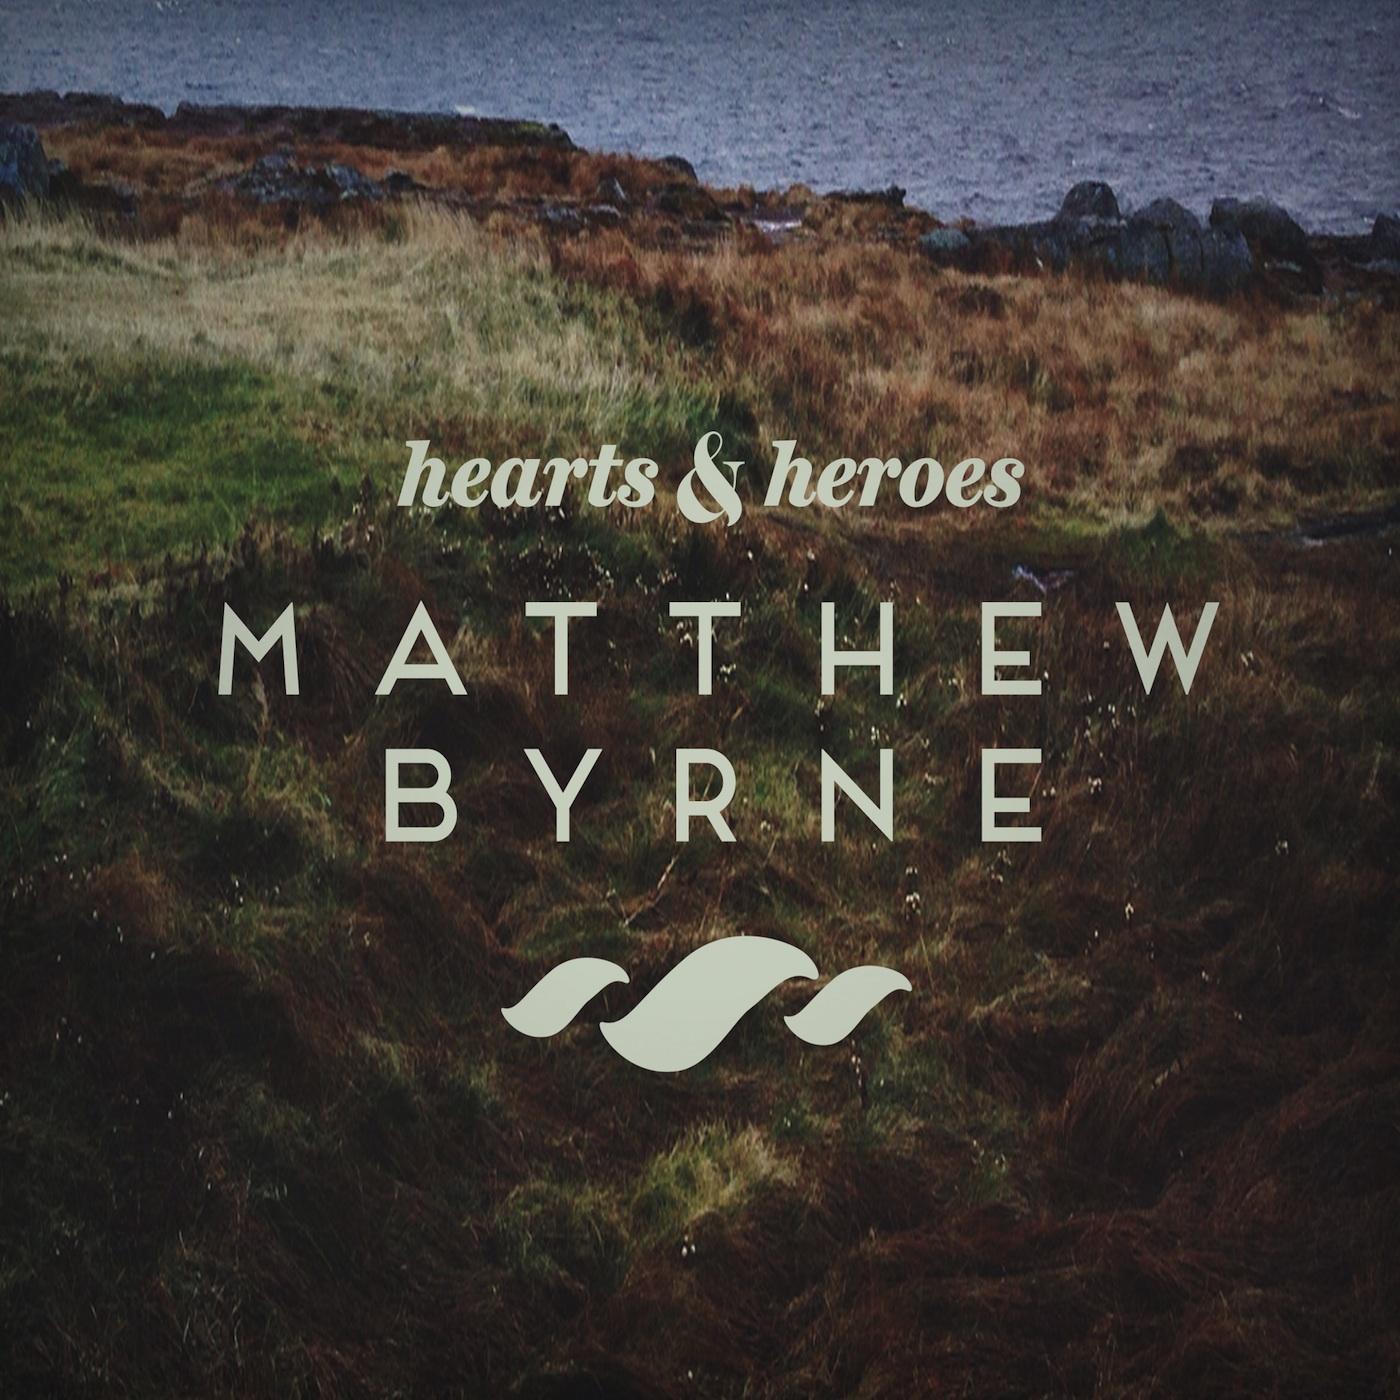 Hearts & Heroes (2014)
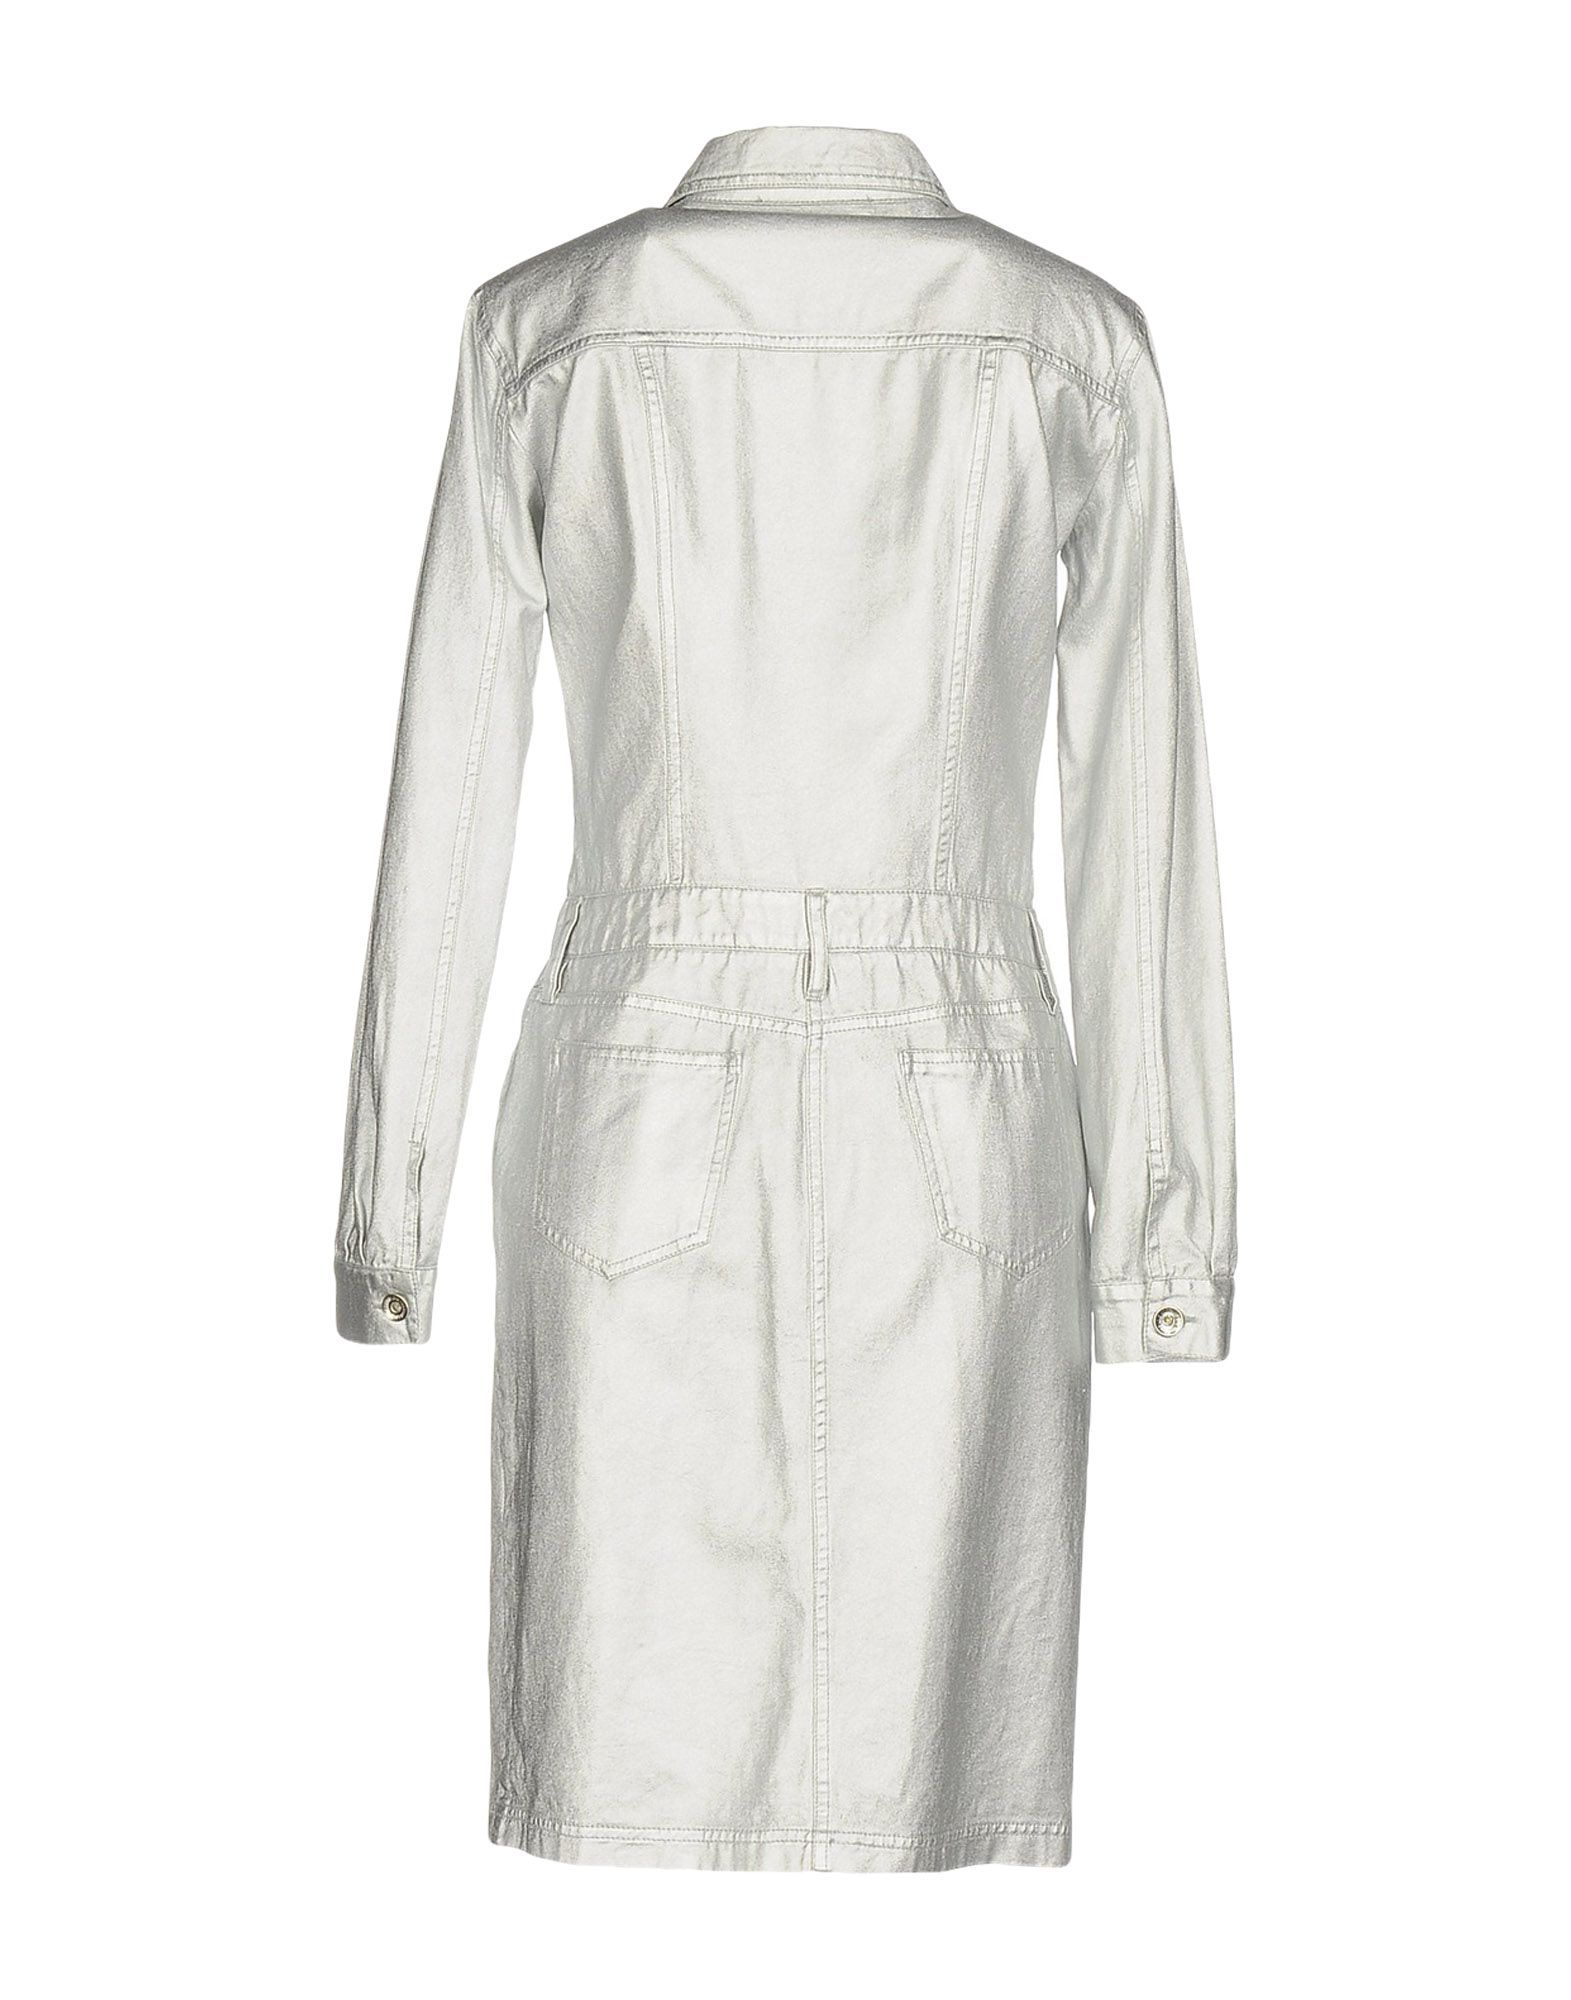 Love Moschino Silver Denim Shirt Style Dress
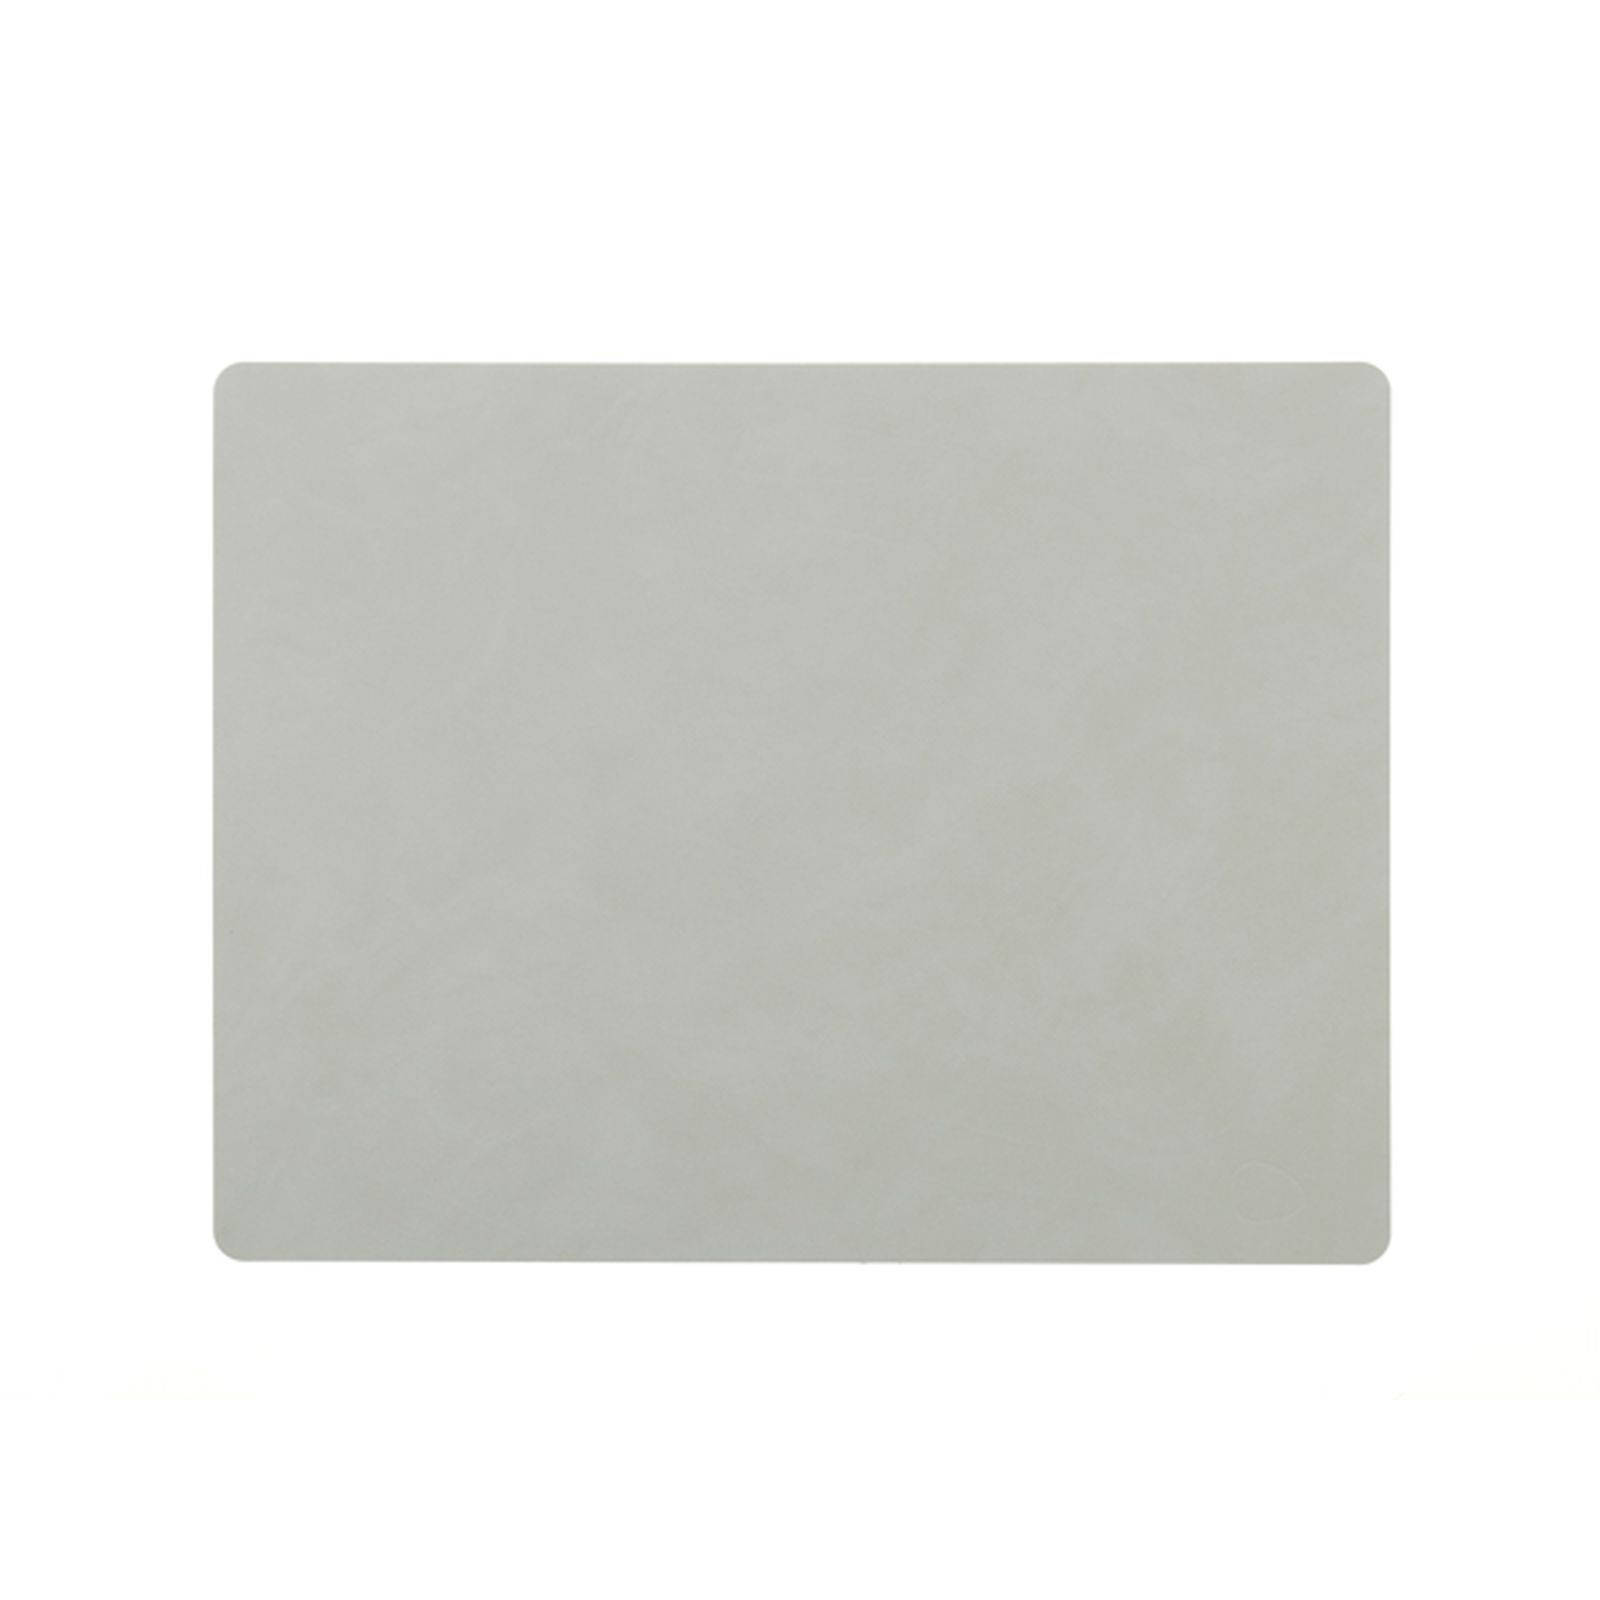 LIND DNA Nupo placemat square L metallic (steengrijs) online kopen

= Exercise instructions =
Begin at the line containing "Love Moschino Silver Denim Shirt Style Dress" and stop at the last line of the data. Repeat only those lines, exactly, and leave out the pictures.

= Answer to this problem =
 Love Moschino Silver Denim Shirt Style Dress
 LIND DNA Nupo placemat square L metallic (steengrijs) online kopen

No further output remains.